I've been using my Canon 5D Mk II for over a year now, with very few problems.

Last night I was camping and I decided to shoot a time lapse of the stars. Each exposure was at ISO 1600, F/2.8, and 20 seconds. I fired off about 550 frames (let it run overnight). Just got back from my trip, and looking at the frames in Lightroom, I have a LOT of red and blue stuck pixels that are in the exact same place between frames (the stars, of course, drift a little in between frames). Curiously, I don't see any green ones.

I'll upload a full-res JPG so you can take a look. I used the Medium JPG setting and no RAW as I didn't need more resolution than the ~8MP offered by that setting (just producing a time-lapse in 1080p).

As soon as I saw these stuck pixels, I sort of panicked and pulled the camera out to test it with my usual settings of full-res RAW and a normal shutter speed.

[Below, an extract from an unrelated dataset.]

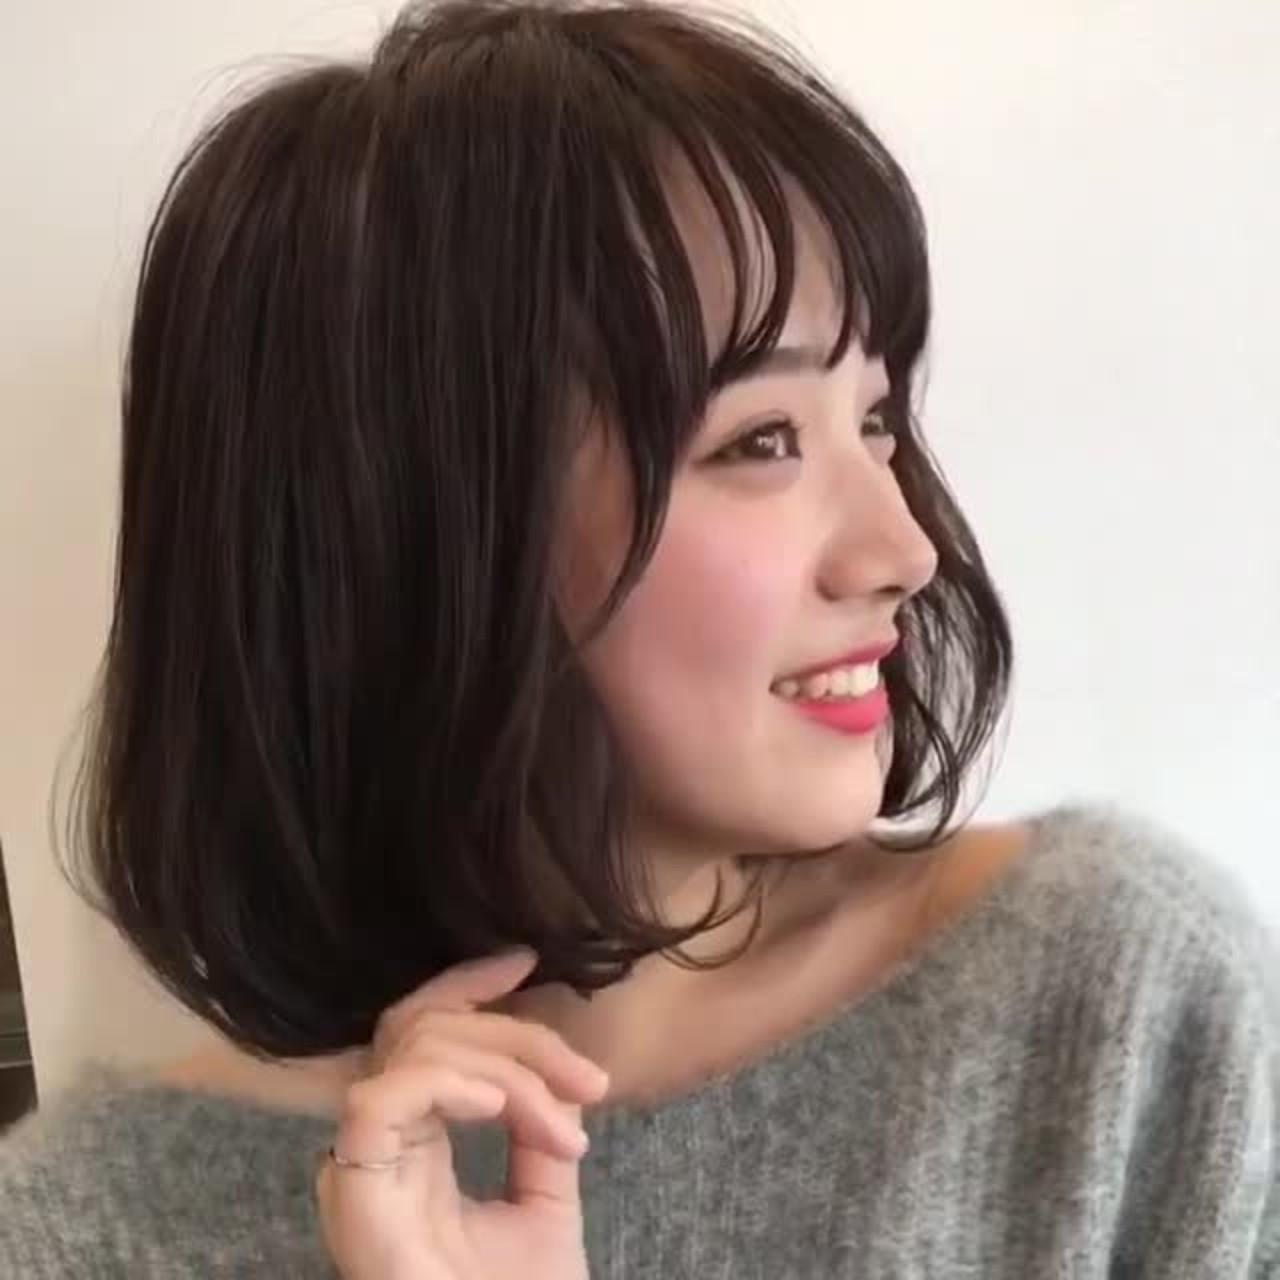 毛先のふんわりカールでフェイスラインカバー GARDEN harajyuku 細田 | GARDEN harajyuku

The photo I took of outside at f/2.8, 1/100th of a second, and ISO 100 looked fine (thank heavens) with no visible sensor issues or stuck pixels.

Anyone have any idea what could be going on here?

Here's one of the frames in question:


----------



## CAP (Jun 21, 2014)

Time to send it to canon to fix.


----------



## table1349 (Jun 21, 2014)

It's not dead pixels.  Those are hot pixels.  Common for long exposures.  They can be removed in post.


----------



## 480sparky (Jun 21, 2014)

gryphonslair99 said:


> It's not dead pixels.  Those are hot pixels.  Common for long exposures.  They can be removed in post.



They might be able to be fixed by updating the camera's firmware, too.


----------